Kimdir işçilerin zihnini bulandıran iblis?
Maalesef, Ayhan beyin bir zamanlar salya sümük yalvarmasına acıyarak işe aldığı, farkında olmadan koynunda beslediği yılandır.
Namuslu işçileri fıştıklayan, aklını çelen, herkes tarafından Müslüman ve Türk olarak bilinen o kişi, meğer Yahudi’dir!
Müslümanların kanına girmek için kimliğini değiştirmiş, aralarına sızmıştır.
Öylesine soysuzdur ki, ahaliyi mukaddesattan öylesine saptırır ki, zavallı Ayhan beyi linç ederek öldürürler.

*

Nedir bu derseniz?
Tiyatro.

*

İsmi, Mas Kom Yah.

*

Mason’un Mas’ı
Komünist’in Kom’u
Yahudi’nin Yah’ı

*

Süperzeki (!) bi isim yani.

*

Yöneten...
Recep Tayyip Erdoğan.
Başrol...
Gene Recep Tayyip Erdoğan.

*

Birlikte sahneledikleri arkadaşlarının anlattığına göre... Milli Selamet Partisi gençlik kollarındayken sahaflardan “Kızıl Pençe” diye bir kitap bulmuşlar, ismini “Mas Kom Yah” diye değiştirmişler.
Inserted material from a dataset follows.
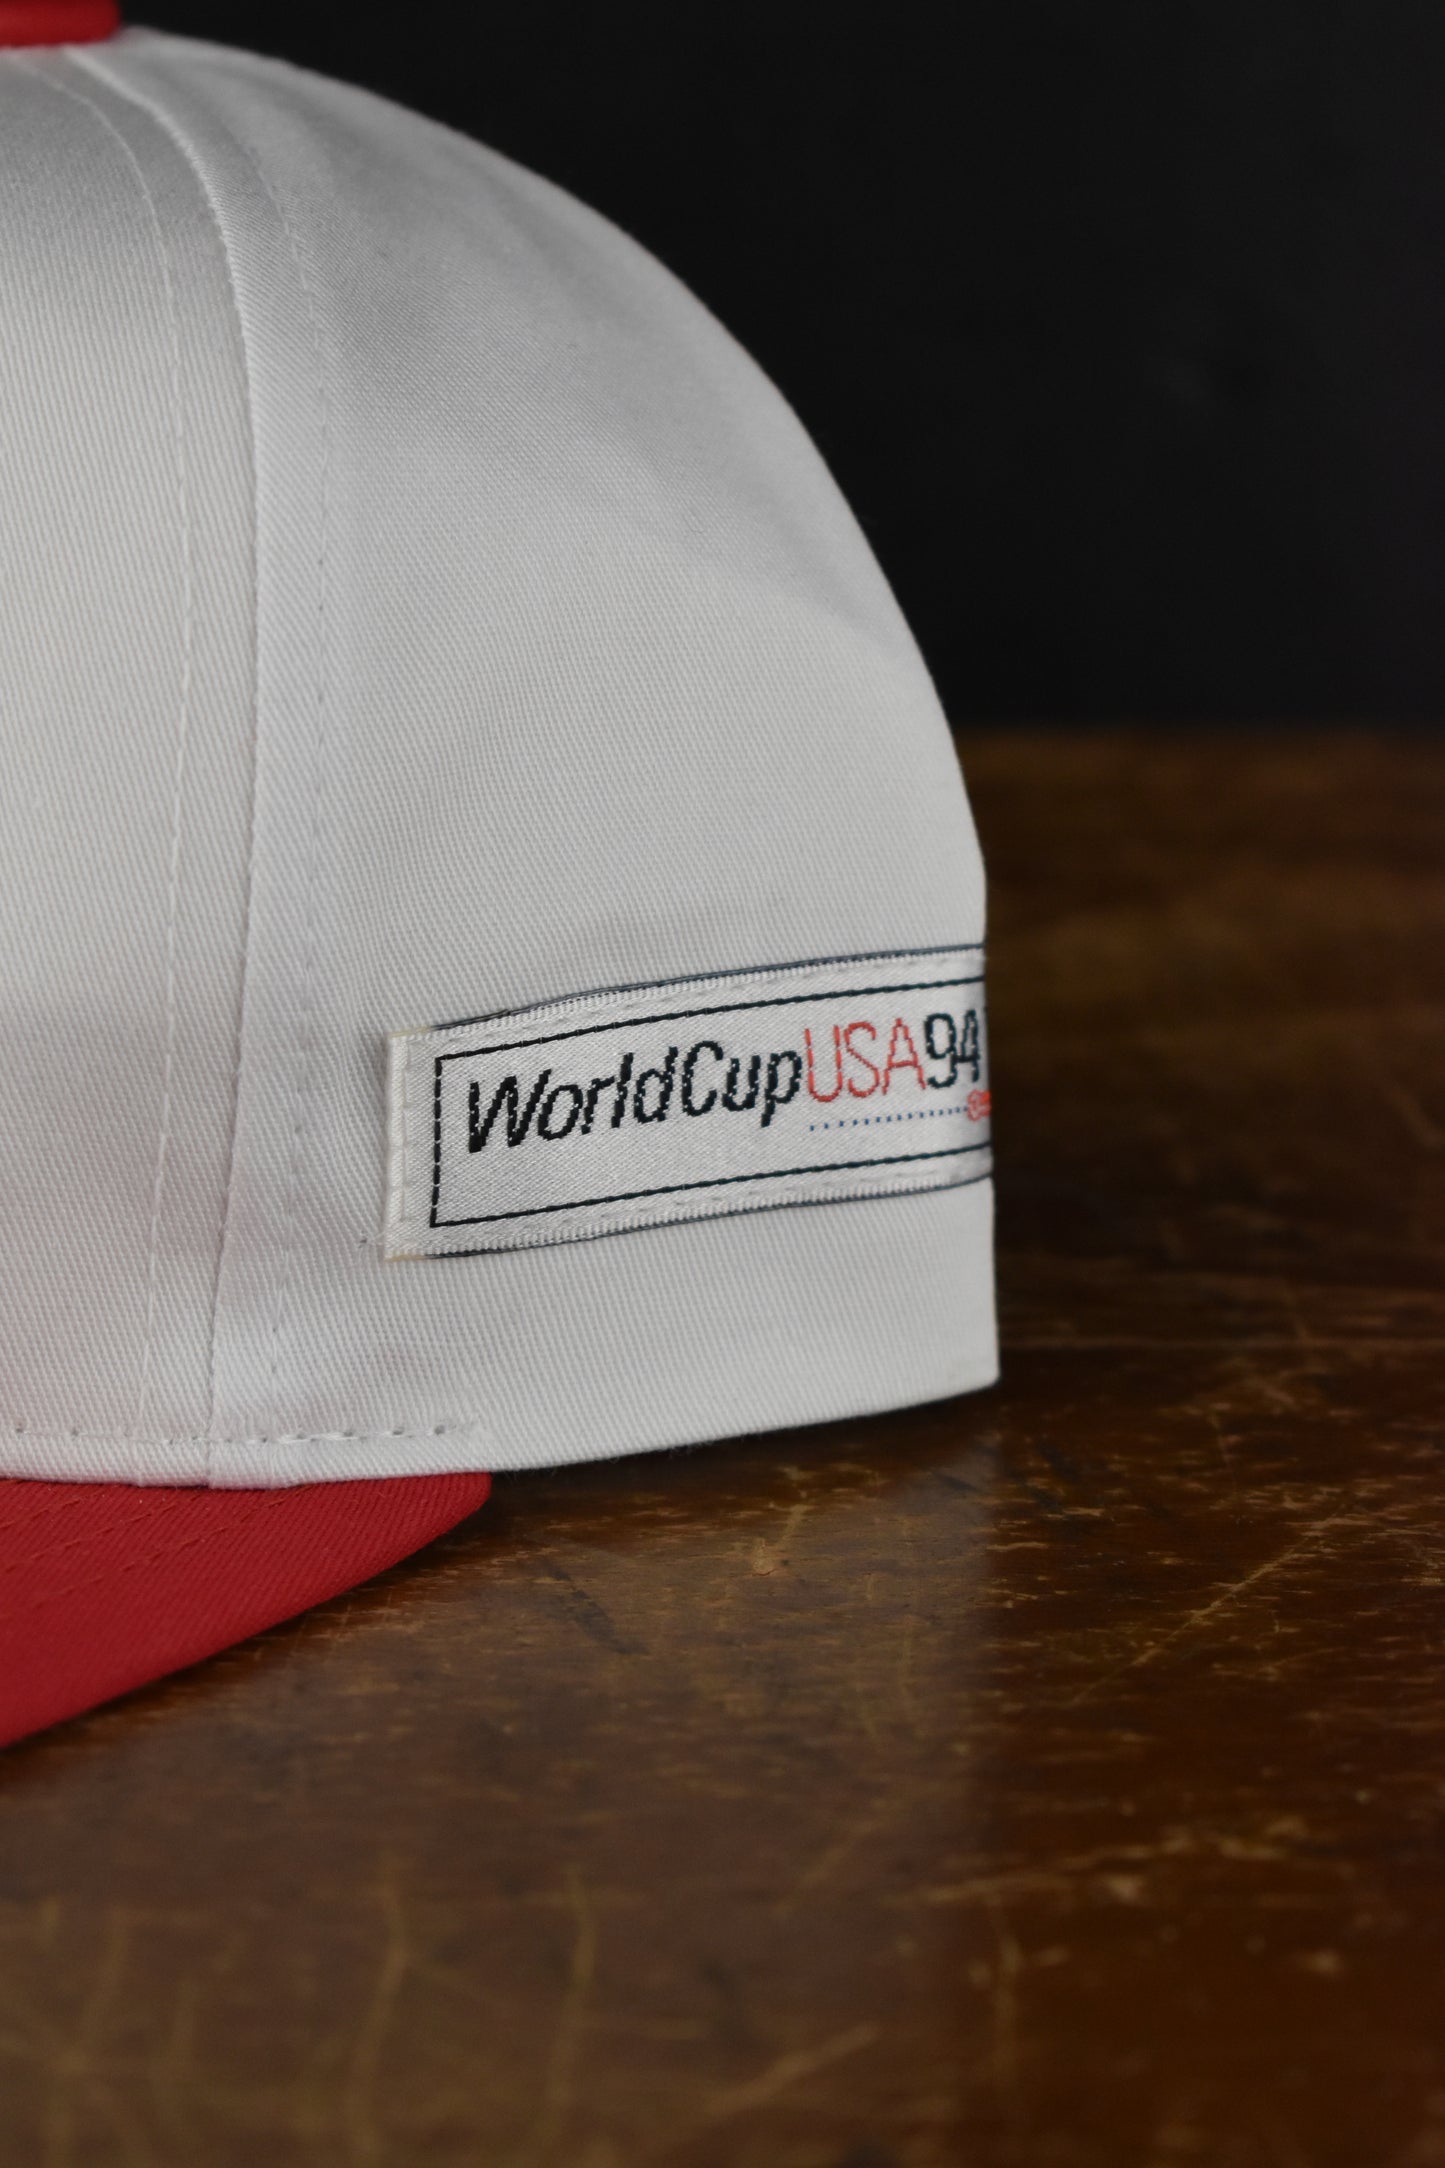 ‘94 World Cup Soccer Hat

Asrın liderimiz hem başrolü, Ayhan beyin oğlunu oynamış, hem de yönetmenliğini üstlenmiş.

*

Şekspir halt etmiş.

*

(Dört perdelik “Kızıl Pençe” piyesi 1969’da Çorum’da İmam Hatip Kitabevi tarafından basılmıştı. Mustafa Bayburtlu tarafından yazılmıştı, kendisi vaiz’di. İmam hatip mezunu olduğunu kitabın kapağına özellikle koydurmuştu. “Komünizmle ve Siyonizmle mücadele uğrunda can veren İslam mücahidlerine ithaf olunmuş”tu. “Dinini imanını unutmuş leş sürüleri, Lenin benzeri soysuz köpekler, Karl Marks benzeri kızıl salyalı itler, Moskof köpeklerinin küfür kokan ulumaları, komünist piçlerin yardakçısı sosyalist köpekler, asıl adı Mişon olan Yahudi bozması soysuz, bütün şer rejimler Yahudi icadıdır, geberene dek vurun kızıl soysuza, her olayın arkasında aydın geçinen üniversite hocaları bulunuyor” gibi humanist (!) replikler vardı. “Biz imanını bayrak yapmış müslümanlar olarak, ecdada saygıyı gericilik, Allah’a ibadeti yobazlık sayan üç buçuk zibidiye bu memleketi bırakmayacağız” gibi cümleler vardı. “İmanlı millet bir avuç veled-i zinanın esiri olamaz” deniyordu.)

*

Tiyatro dediğin işte böyle olur.
Sosyal içerikli.
Milli, manevi.
E hiç kadın oyuncu da yok.
Daha ne?
Bence tam meclis başkanı ismaile göre.